All of the above approaches use broad strokes to alter the microbiota. Although this might be appropriate in some situations, such as in patients with recurrent C. difficile infection or in patients with a highly dysfunctional microbiota due to a combination of genetics, inflammation, and antibiotics, a directed approach may provide a safer and more effective means of providing microbial-based therapy . Some potential mechanisms of doing so were suggested in a recent review [82]. For example, Guo et al. tested a peptide with an antimicrobial moiety attached to a targeting moiety that was specific to the oral pathogen Streptococcus mutans [83]. A second potential approach would be use of bacteriophages targeting specific bacteria . As reviewed [84], this concept has been around for nearly one century, although it has yet to find widespread use in medicine. One limitation to both these approaches is that depleting one organism may have downstream effects on the abundances of multiple organisms, which either fill the niche of the depleted organism or were dependent upon the depleted organism and subsequently decrease in abundance [83]. Finally, Kuntz and Gilbert also proposed designing therapeutics to target specific microbial enzymes, an approach that has the advantage that it would not result in community-wide changes to the microbiota [82]. To the extent that by-products of bacterial metabolism may be involved in the inflammatory process, as recently suggested by Stoll et al. with respect to the tryptophan pathway in juvenile SpA [85], blocking bacterial enzymes not otherwise present in humans may have the potential to ameliorate disease.

Peek into the Future

So what might microbiota-based personalized medicine look like? In some cases, the microbiota might assist with diagnosis. In others, at time of diagnosis, the microbiota could be sampled and subjected to amplicon (16S) sequencing or perhaps shotgun sequencing. Based upon this, a unique treatment plan might be designed, in which the goal would be to generate a microbiota that might be more healthful for that particular disease state. This might involve introduction of organisms that affect the metabolism of drugs used to treat the disorder; using dietary, probiotic, or even bacteriophage therapy to increase or decrease the abundance of specific organisms that are associated with the disease state; or simply increasing the fecal microbial diversity. Drug therapy targeting bacterial enzymes predisposing to an unfavorable metabolic milieu might also be contemplated. Situations with more severe dysbiosis might require more drastic measures, such as EEN or FMT.

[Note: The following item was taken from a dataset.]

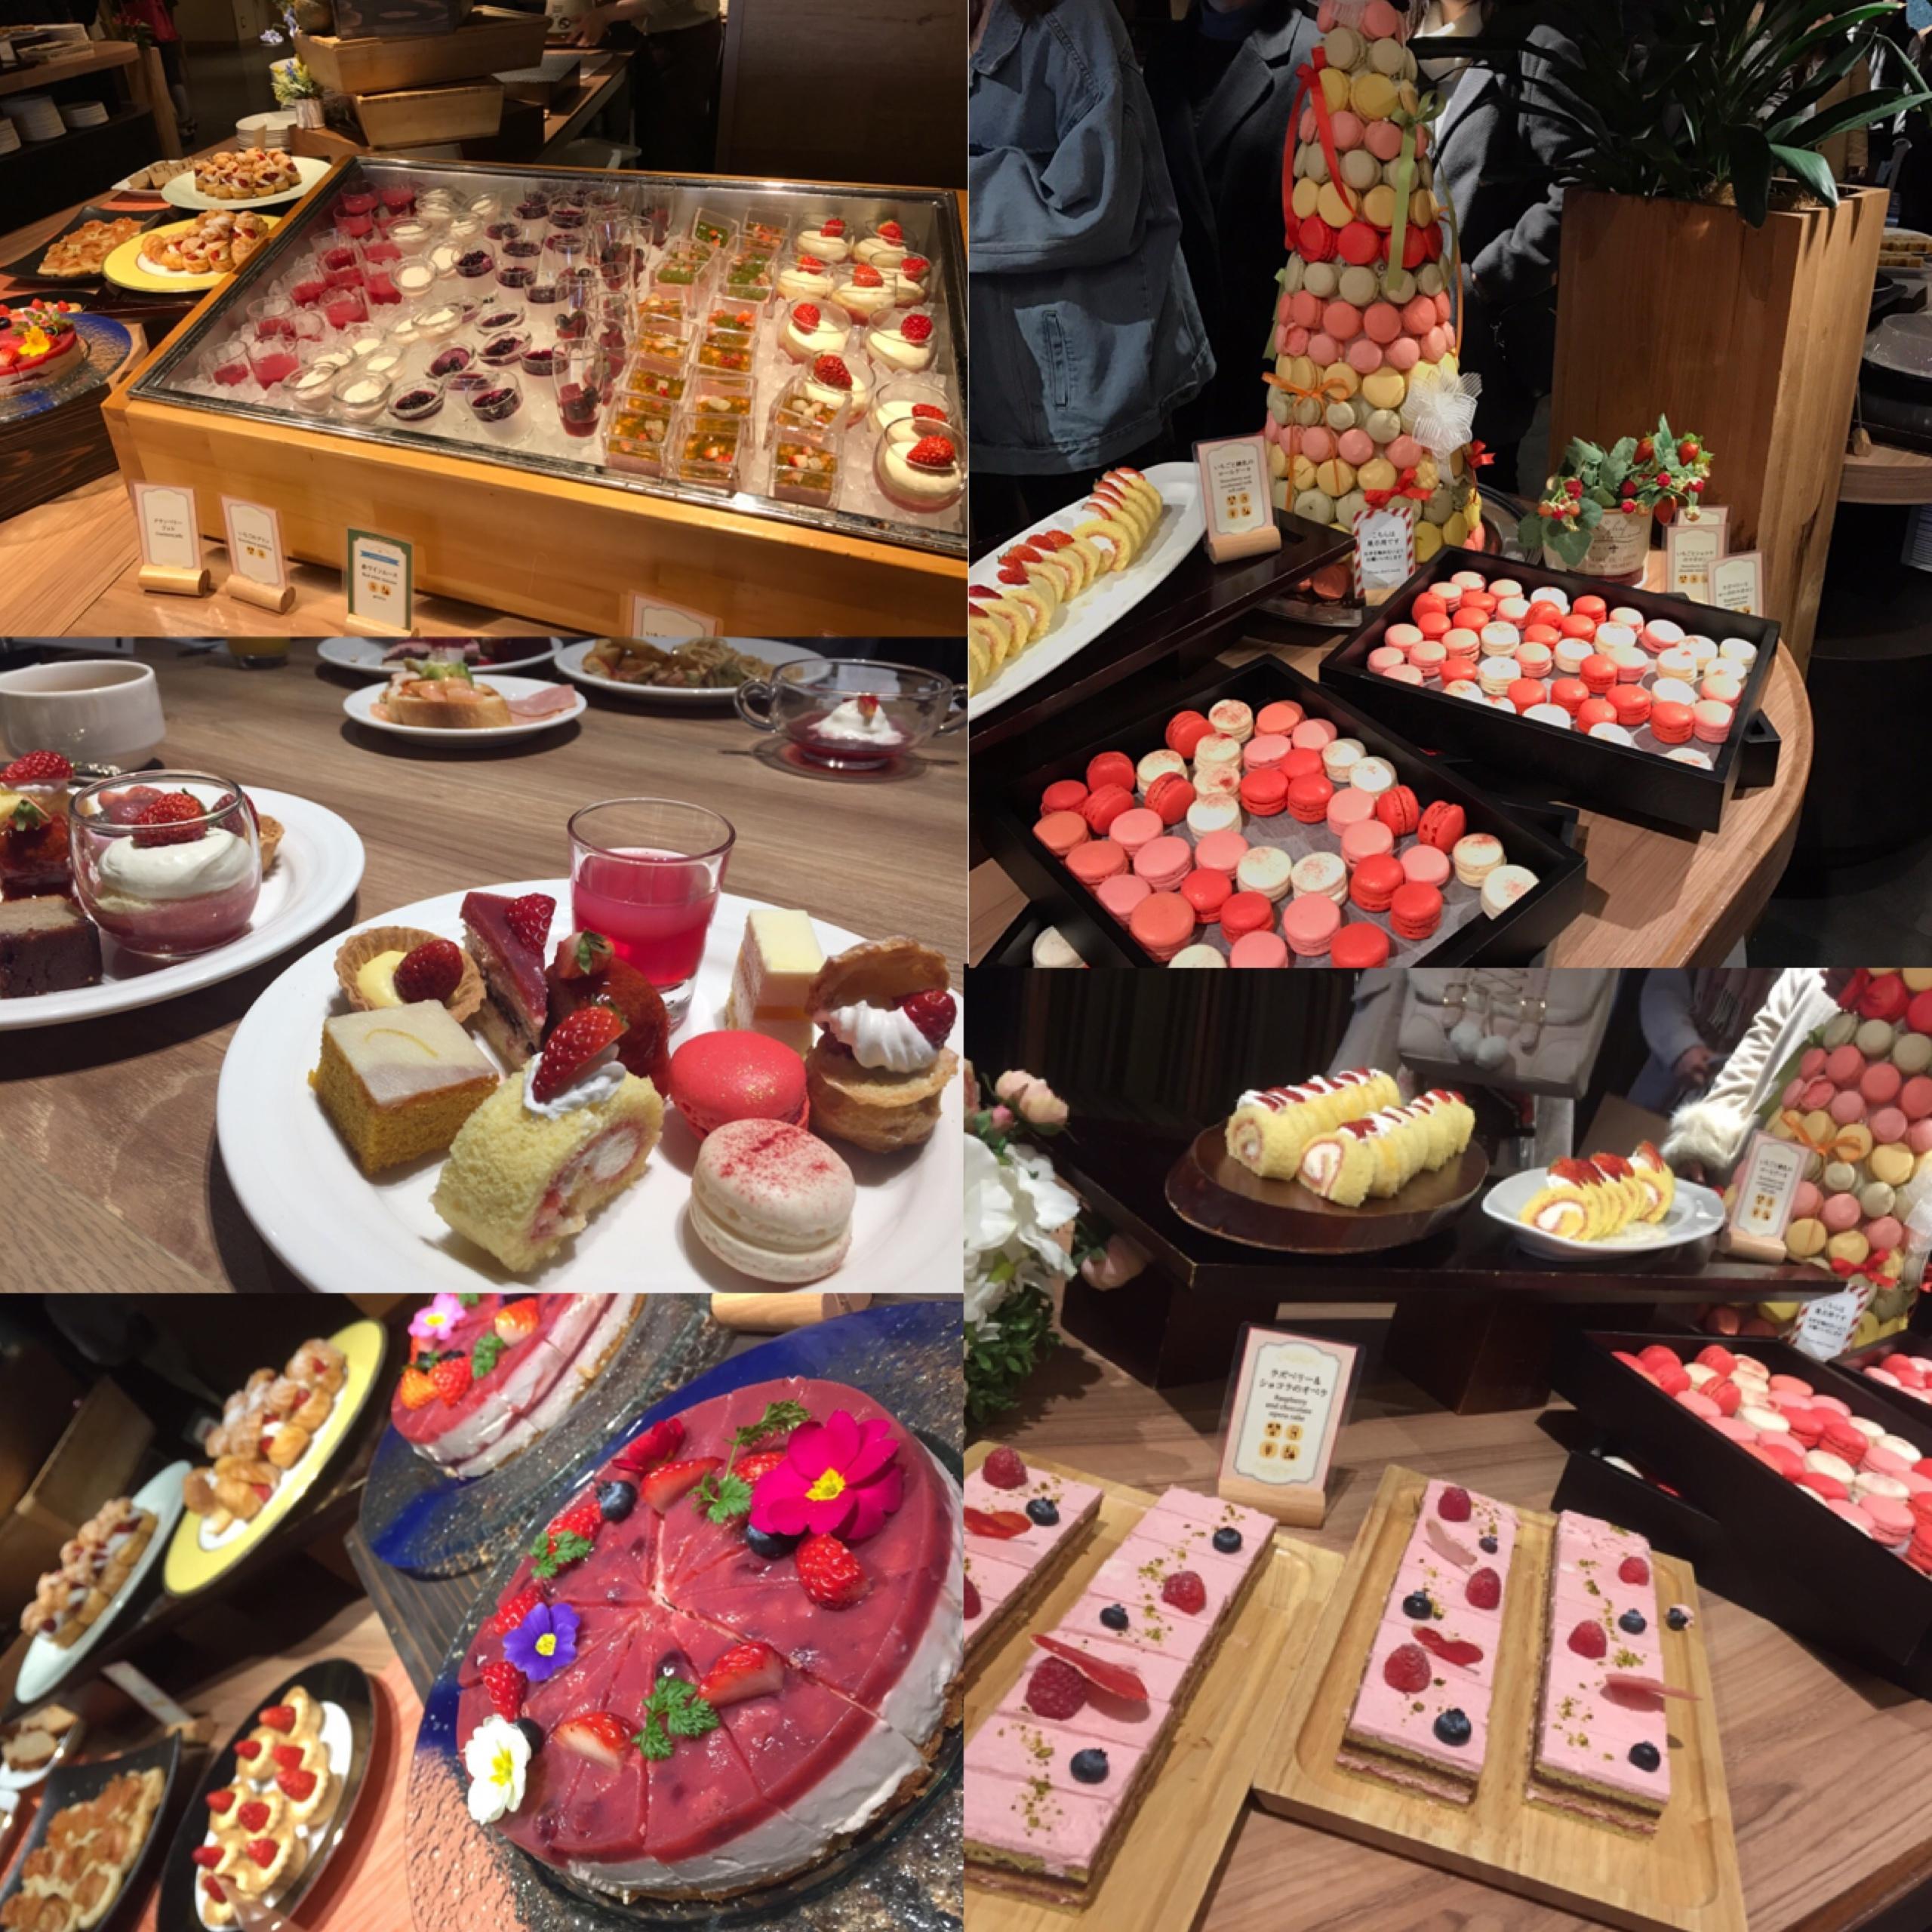 スイーツ好き必見!京都タワーホテル Berry sweets buffet ♡_1_1

One final consideration is cost . Monitoring the fecal microbiota may sound interesting, but is it feasible from an economic standpoint? Here at UAB, the cost of performing 16S sequence analysis inclusive of all steps from DNA preparation to bioinformatics analysis is approximately $50/sample. This is equivalent to a complete blood count and metabolic panel, labs routinely ordered in medical practice. At approximately $1000/sample, shotgun sequencing is substantially more expensive , although it will likely fall in price in the future. Even at its current price, it is in line with numerous types of advanced testing, and to the extent that such testing could aid in the management of chronic diseases, it may well be worth its cost.